HolderShares Beneficially Owned% of Class
Michael J. Mardy12,995 0.21%
  • Section 16(a) compliance: Company believes all directors complied with ownership filings for fiscal 2024.
  • Director ownership guideline: ≥ 5x annual retainer within five years of joining the Board (individual compliance status not disclosed).

Governance Assessment

  • Strengths: Independent Audit Chair with recognized financial expertise; perfect 2024 attendance; stock-only director compensation and robust ownership guidelines; anti-hedging/anti-pledging policies; no related-party transactions disclosed; formal audit oversight with multiple meetings including sessions independent of management.
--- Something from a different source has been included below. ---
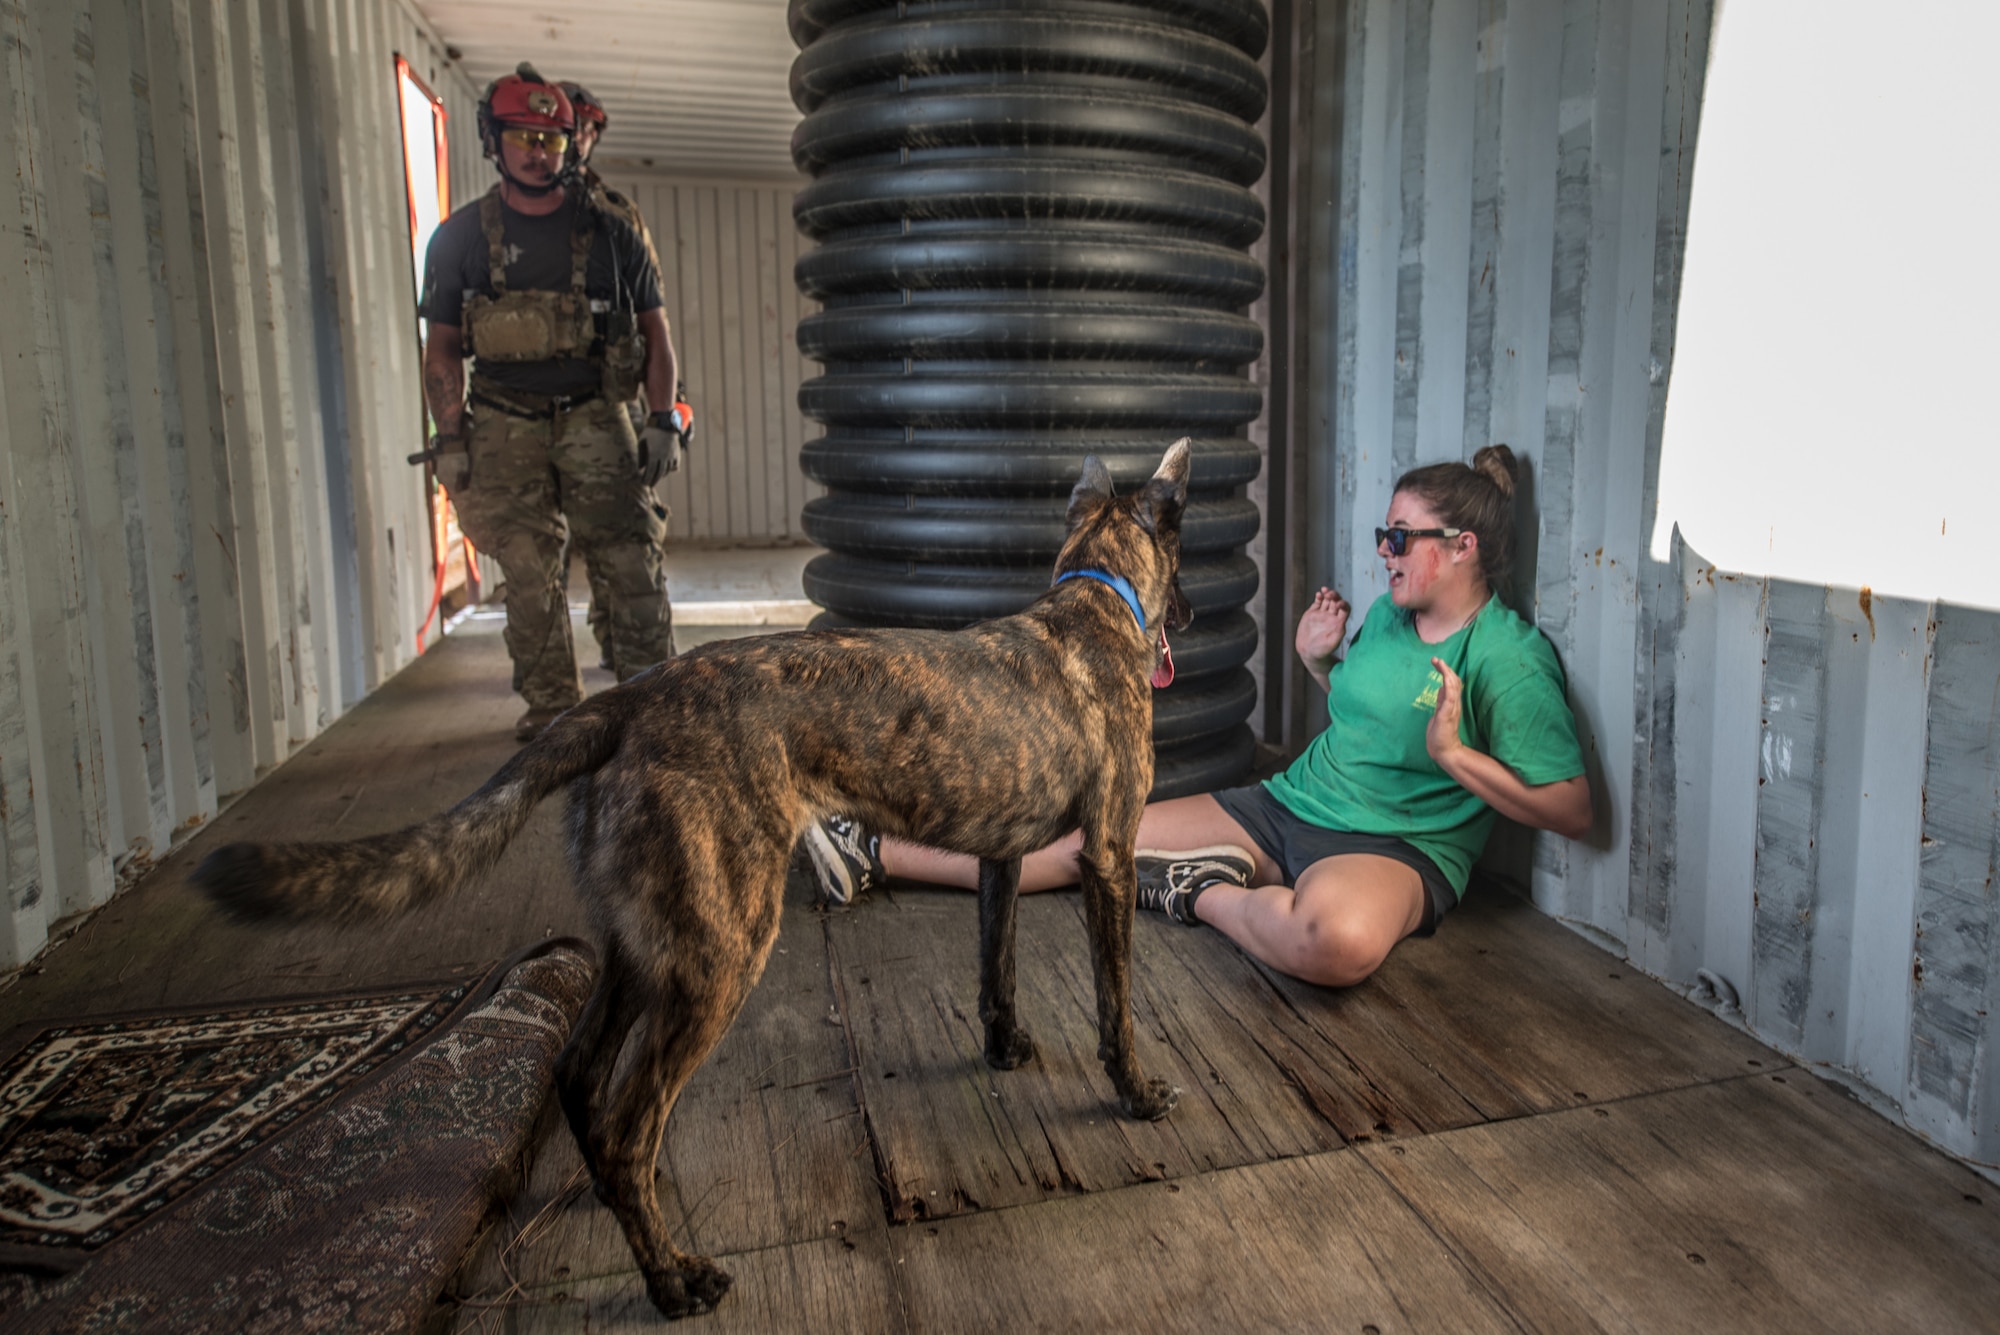 Callie, a search and rescue dog for the Kentucky Air National Guard’s 123rd Special Tactics Squadron, alerts Master Sgt. Rudy Parsons, her handler, after locating a simulated casualty July 17, 2019, during Patriot North, an annual domestic operations exercise designed to provide natural disaster-response training at Volk Field, Wis. Callie is currently the only search and rescue dog in the Department of Defense. (U.S. Air National Guard photo by Staff Sgt. Joshua Horton)

These factors support board effectiveness and investor confidence.
  • Watch items: Multiple external board roles (including Chair at VNCE) increase time commitments; monitor for any emerging interlocks or conflicts, though none are disclosed.
  • Shareholder signals: Strong say‑on‑pay approval (~97.5% at 2024 annual meeting) indicates favorable investor view of compensation governance.